デビュー作「僕のかわいいストーカー」の収録作にも【はなむけのうたを、】という成就しなかった恋を描いた作品があるのだけど、この作家さんは交差する事のない想いを描くのがお好きなのかな?
私は基本ハッピーエンド・成就するお話が好きなのだけど、こういうのもいいなぁって思います。
【追い風1.5M】
恋愛未満の初々しい二人が可愛らしくて好きだぁ。
皆と一緒にではなく、部活をさぼってこっそり二人で練習しちゃうとかいい。
で、最後におまじないと称してオデコにチューしちゃうのがかわいい。
はぁ、可愛い。「オデコに」がいいよねー。
前作の、可愛らしい男子高校生のストーカーものが面白かったので購入しました。
今回も可愛らしいお話が揃っていました。
表題作は、高校生×陶芸家というカップリングの年下攻め。ツンデレとクーデレのちょうど中間みたいな感じの陶芸家の元に、近所に住む男子高校生が入り浸るように、というお話です。
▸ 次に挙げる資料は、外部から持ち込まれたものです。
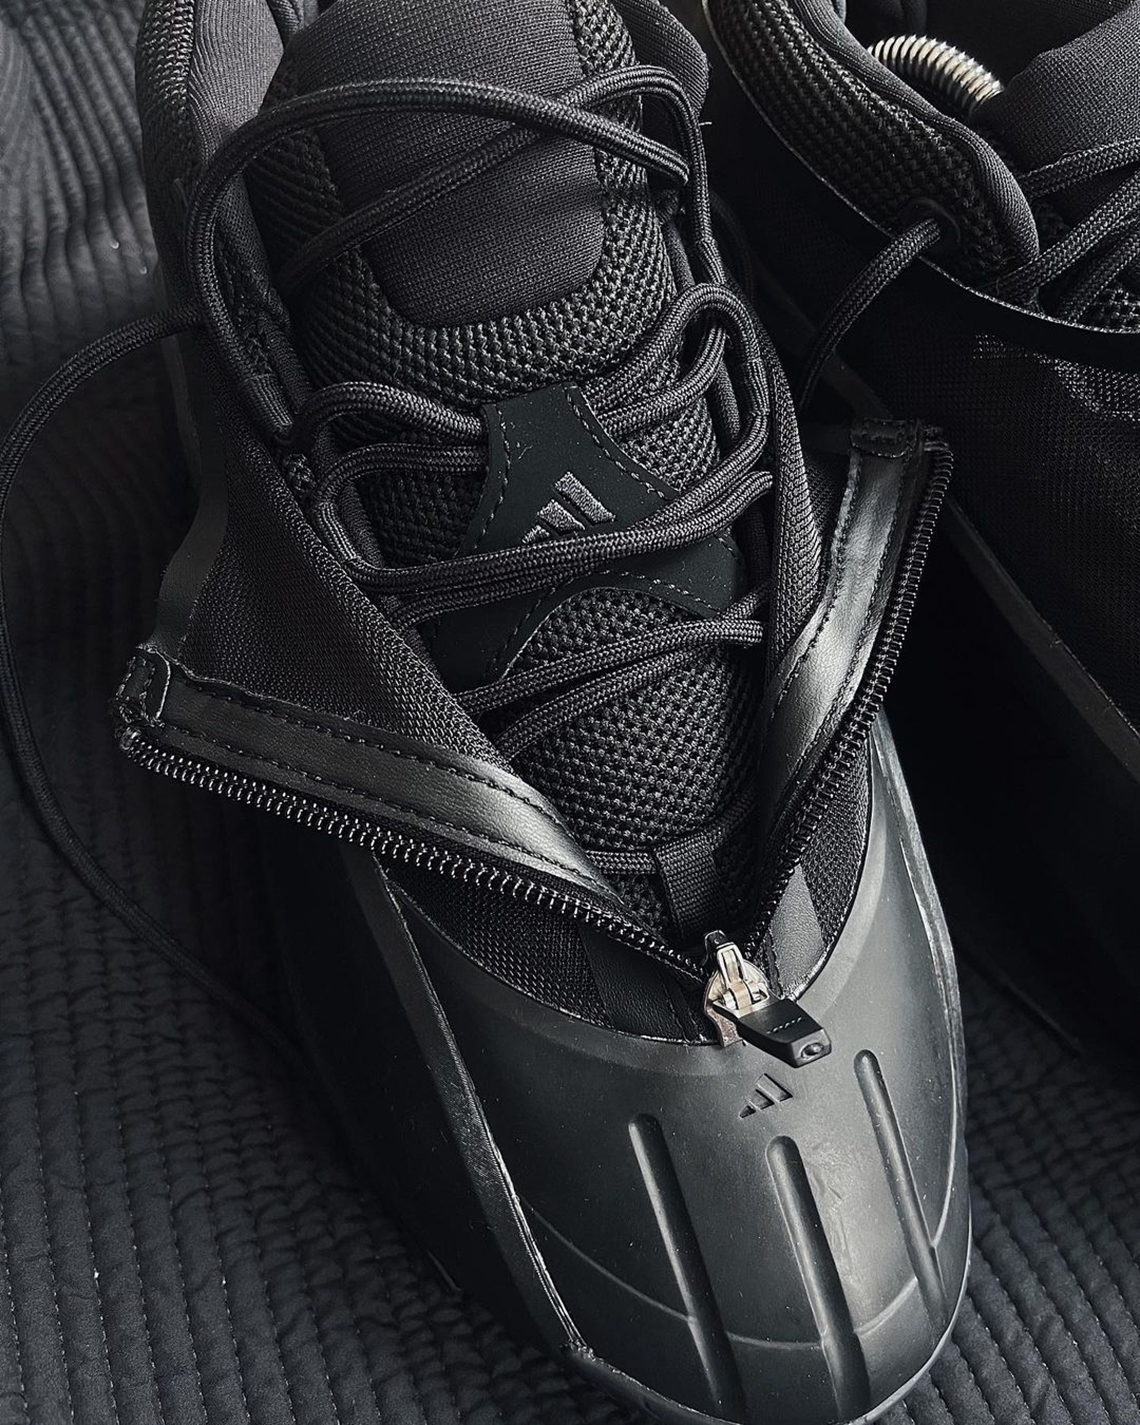 adidas Crazy IIInfinity Triple Black 4

攻めと書きましたが、エロはなし。インタビューで作者さんが「高校生×陶芸家」とおっしゃっていたので上下は確かですが、攻めがまったく男くさい感じじゃなく、天真爛漫なキャラだったので、何となくダブル受けな雰囲気がありました。
受けは大人ぶってはいるけれど、小柄で大人げない陶芸家。食にあまり執着がないので、それを心配した攻めがせっせとご飯を作っては食べさせています。
ラブな雰囲気は薄いのですが、ほのぼのとした空気感にとても癒されました。タイトルのとおり、攻めは早く大人になりたくて、それは家庭の事情だったり、受けに早く追いつきたいという気持ちだったり。その気持ちが健気で、車の免許にこだわるくだりなんかがすごく可愛かった。
他に2作品入っていました。
1つは陸上部で孤立している高校生2人のお話。仲良くて可愛くて、キャラもとてもよかったのですが、ラブが始まるかな〜というところで終わってしまいました。この先が読みたいんじゃ! …という気持ちになりました。
もう1つは、自分の姉に片思いしている幼なじみのことを好きな男子のお話でした。綺麗な顔の男の子で、姉にそっくりなのになぜ自分は対象外なんだろう、と悲しんでいるのが切なかった。幼なじみにムカムカしました。